В три часа пополудни 30 августа 1984 года, через двое суток после освобождения, мы вышли в харьковском аэропорту.
И только тут, в аэропорту, вместо естественного чувства победителя, выдержавшего все испытания и оставшегося самим собой, не изменившего своей цели, стремлению к свободе, на меня вдруг навалилась страшная усталость и какое-то смутное беспокойство. Борьба не закончена. Где та победа, за которую я сражаюсь уже восемь лет? Это лишь промежуточный этап в нашем противостоянии. Да, я выиграл этот бой, но борьба продолжается.
Часть пятая
ИСХОД
Первые встречи, семья
Дома нас встречали Дорина, Аня, Неля, Полина сестра и пес.
Боже мой, как изменились девочки! Дорина уже совсем взрослая, самостоятельная, невеста. Аня из ребенка превратилась в девицу. Знакомая квартира. Обои, которые я наклеил перед арестом, еще на месте. Пес настороженно поглядывает на меня.
Впервые за три года мы обедаем вместе. Потом я, смертельно уставший от впечатлений и стрессов первых суток свободы, прилег на маленьком диванчике Ани. Я проспал часа три. Поля разбудила меня, тронув за плечо - детям пора спать. Совершенно не понимая, где нахожусь, я вскочил: "Что, уже проверка?"
Я все еще был в зоне, в ПКТ. Нет, это зона и ПКТ были во мне.
Первая ночь дома. Все постепенно успокоились, девочки ушли спать в свою комнату. Наконец-то мы с Полей наедине. Какие-то отрывочные мысли, воспоминания. Странная смесь горечи пережитого и радости, что все уже позади, и мы снова вместе.

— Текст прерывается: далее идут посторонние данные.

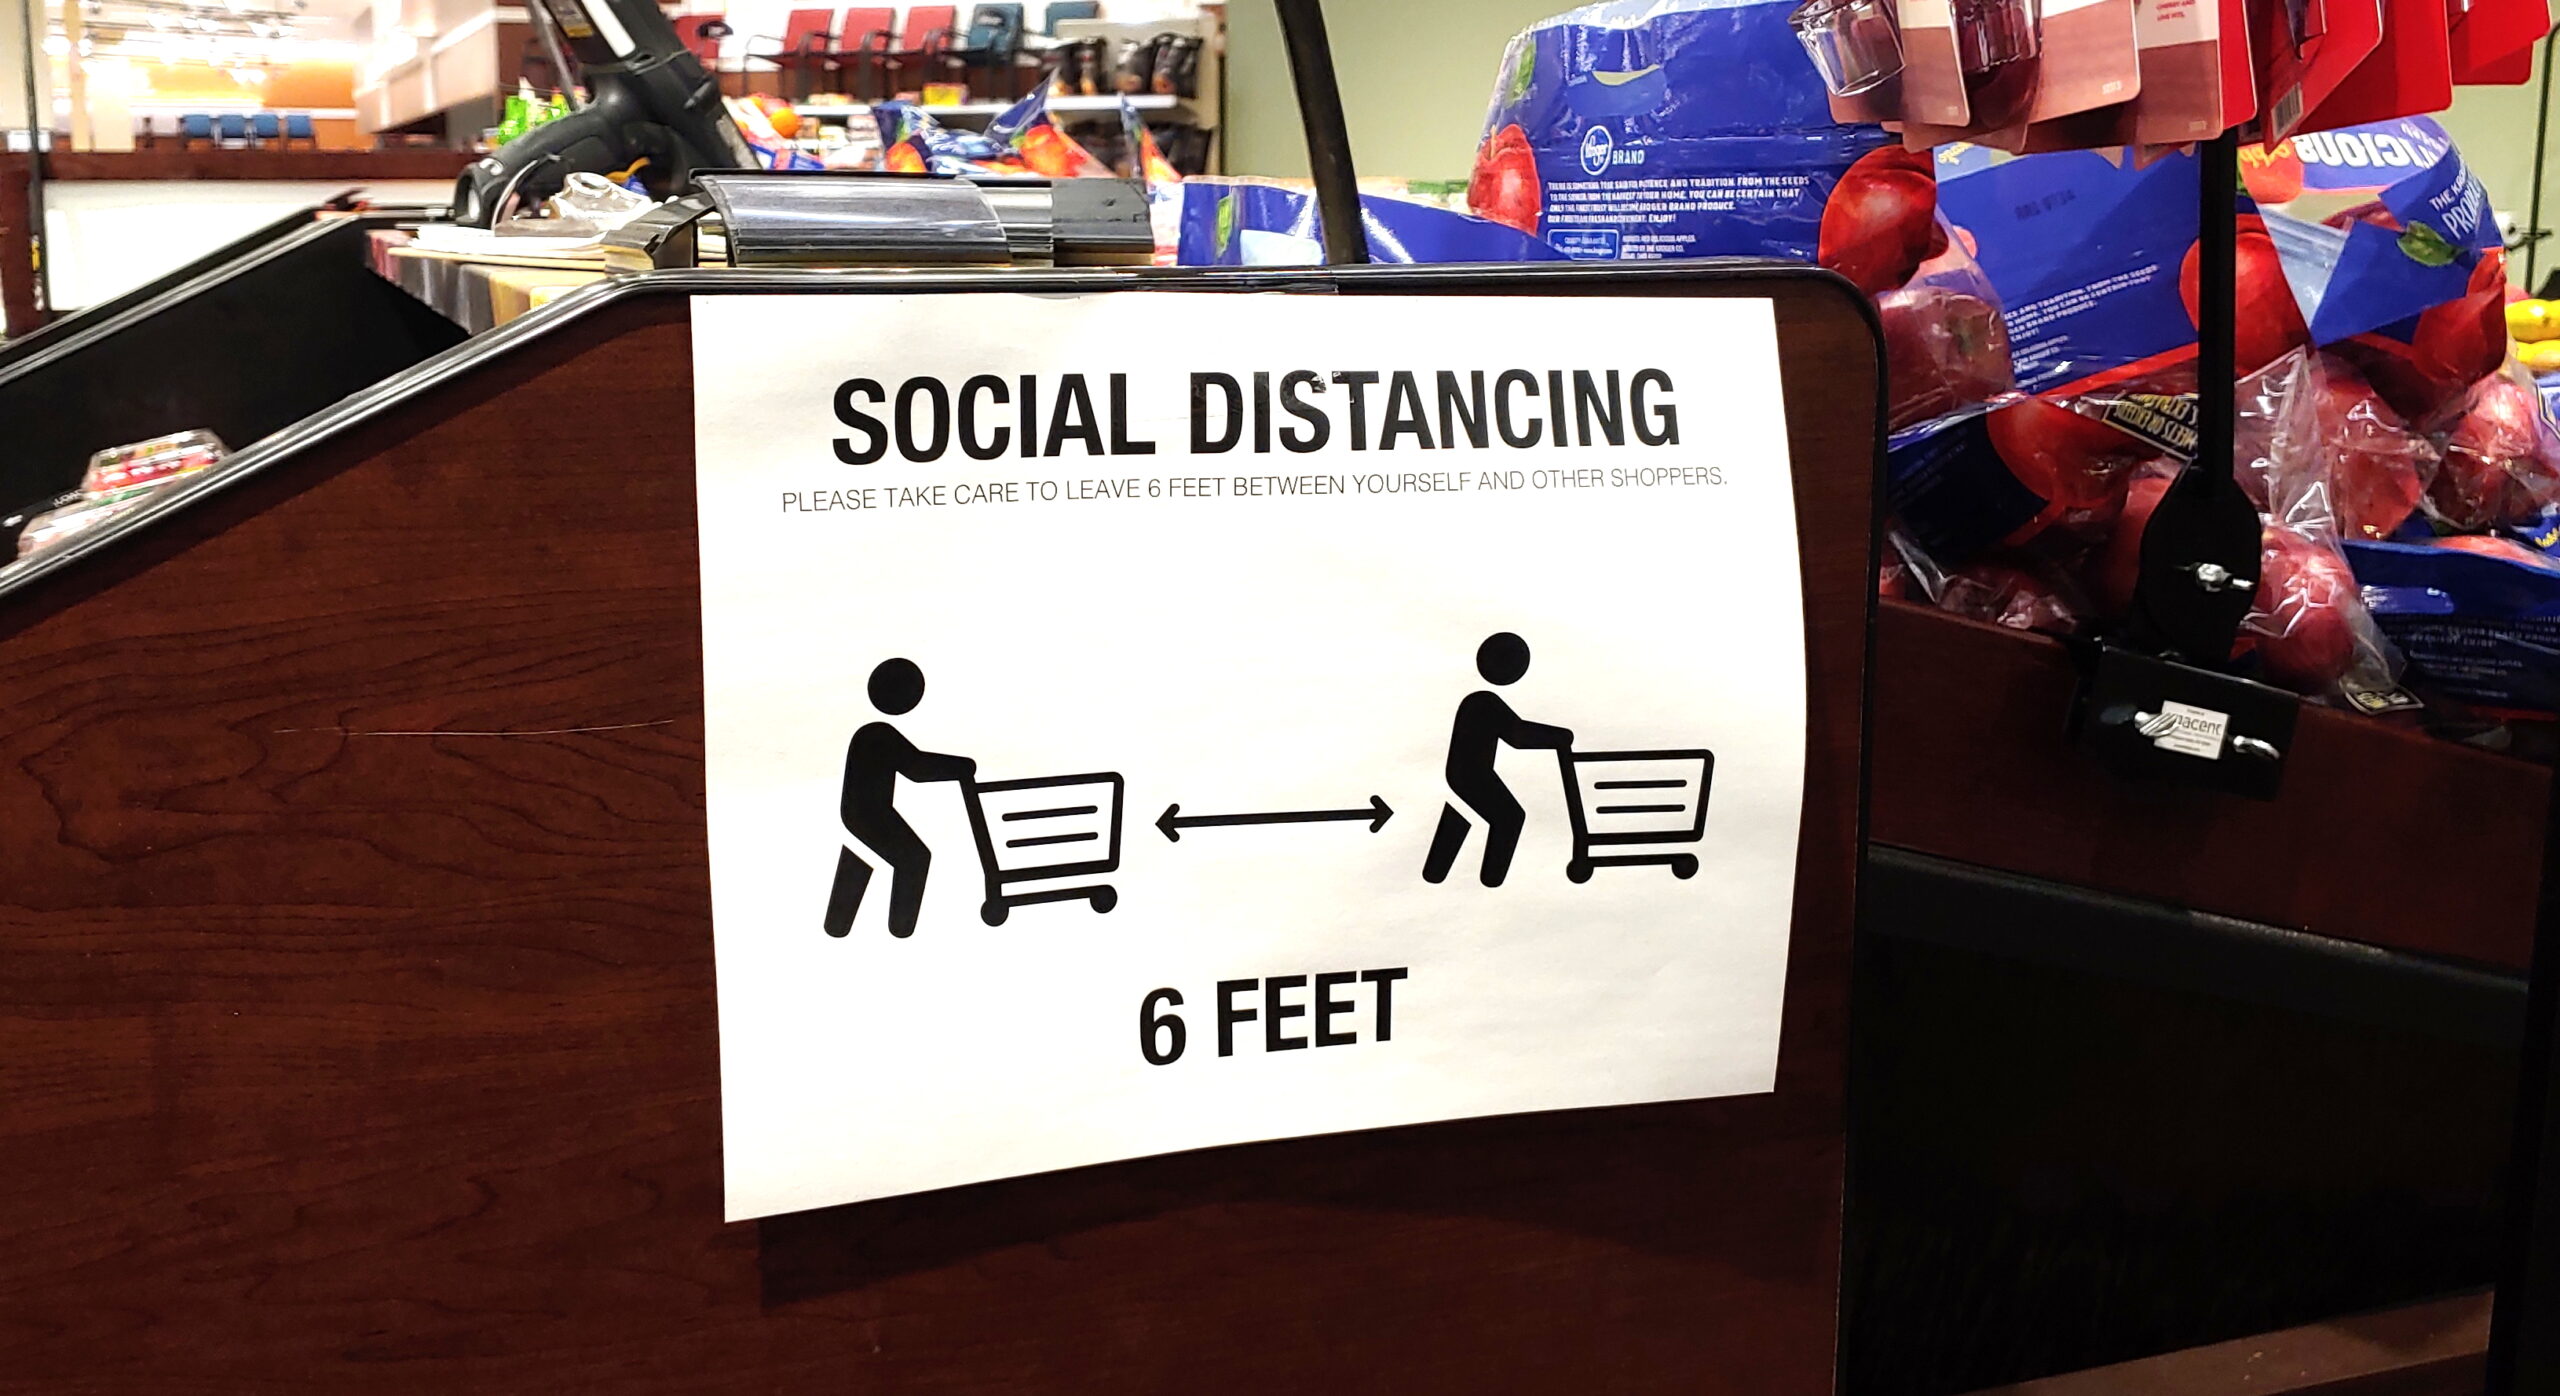 A store sign recommends social distancing

Три года я не был с Полей. Три года я не ощущал вкуса ее сладких губ. От их прикосновения я начинаю терять ощущение реальности происходящего. Три года я не вдыхал запах ее волос, не ощущал вкуса ее кожи. Ее прикосновения пьянят меня. Я растворяюсь в волшебном слиянии, подаренном мне. Круг замкнулся. Я дома, в моей семье, с моей любимой.
Наутро я замечаю у моих девочек то, что еще вчера заметил у нашего пса: некоторую тщательно скрываемую от меня настороженность или, скажем помягче, сдержанность по отношению ко мне. Позже Поля призналась, что они действительно были настороже, так как не знали, каким я стал после трех лет тюрьмы. Ведь все люди меняются со временем, а в тюрьме изменения могут быть очень большими и даже катастрофическими.

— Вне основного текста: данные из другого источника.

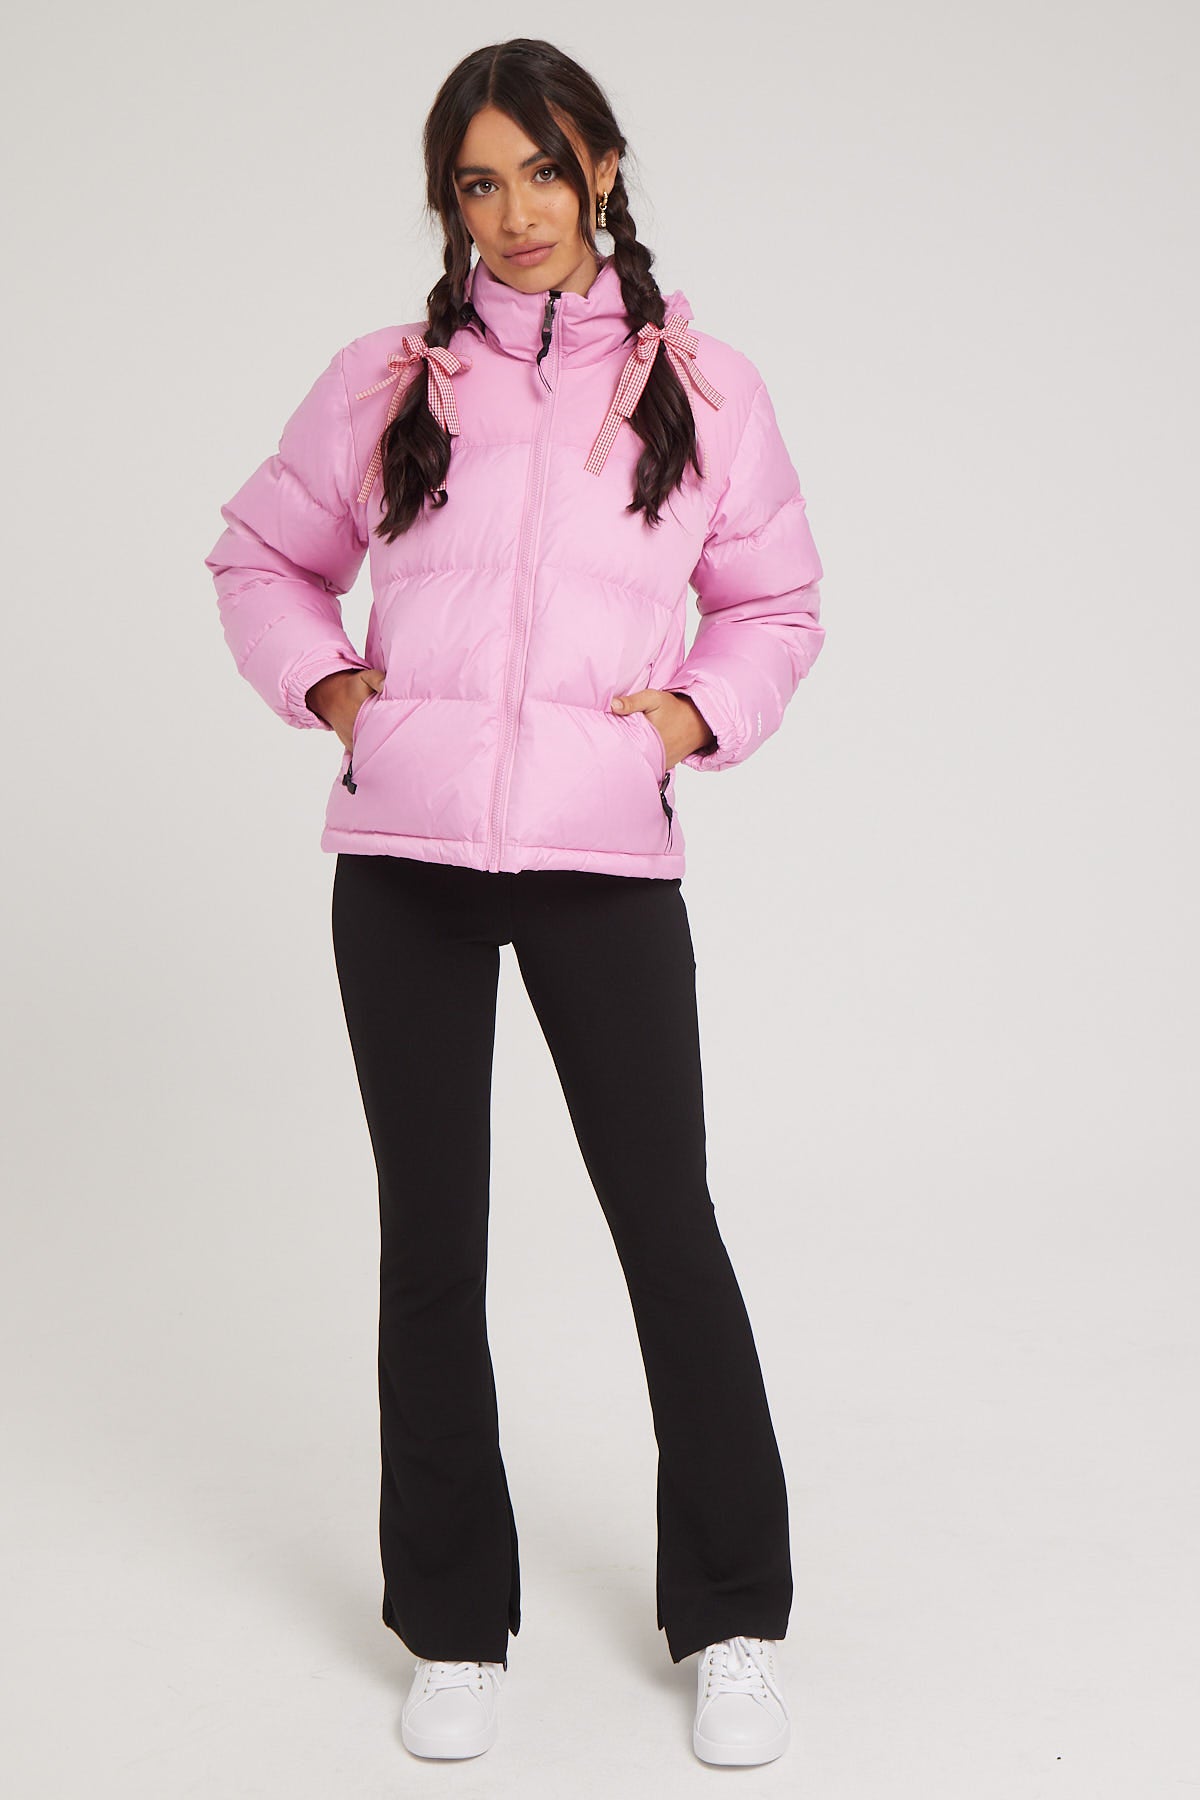 The North Face Women's 1996 Retro Nuptse Jacket Orchid Pink

Опасаясь этого, Поля заранее подготовила девочек, и они внимательно присматривались ко мне на первых порах: "Кто пришел к нам в дом из далекого Выдрино?" Я не знаю, чего именно они опасались и почему были так насторожены. Разве из моих писем не видно было, каким я стал через полгода, через год, через три?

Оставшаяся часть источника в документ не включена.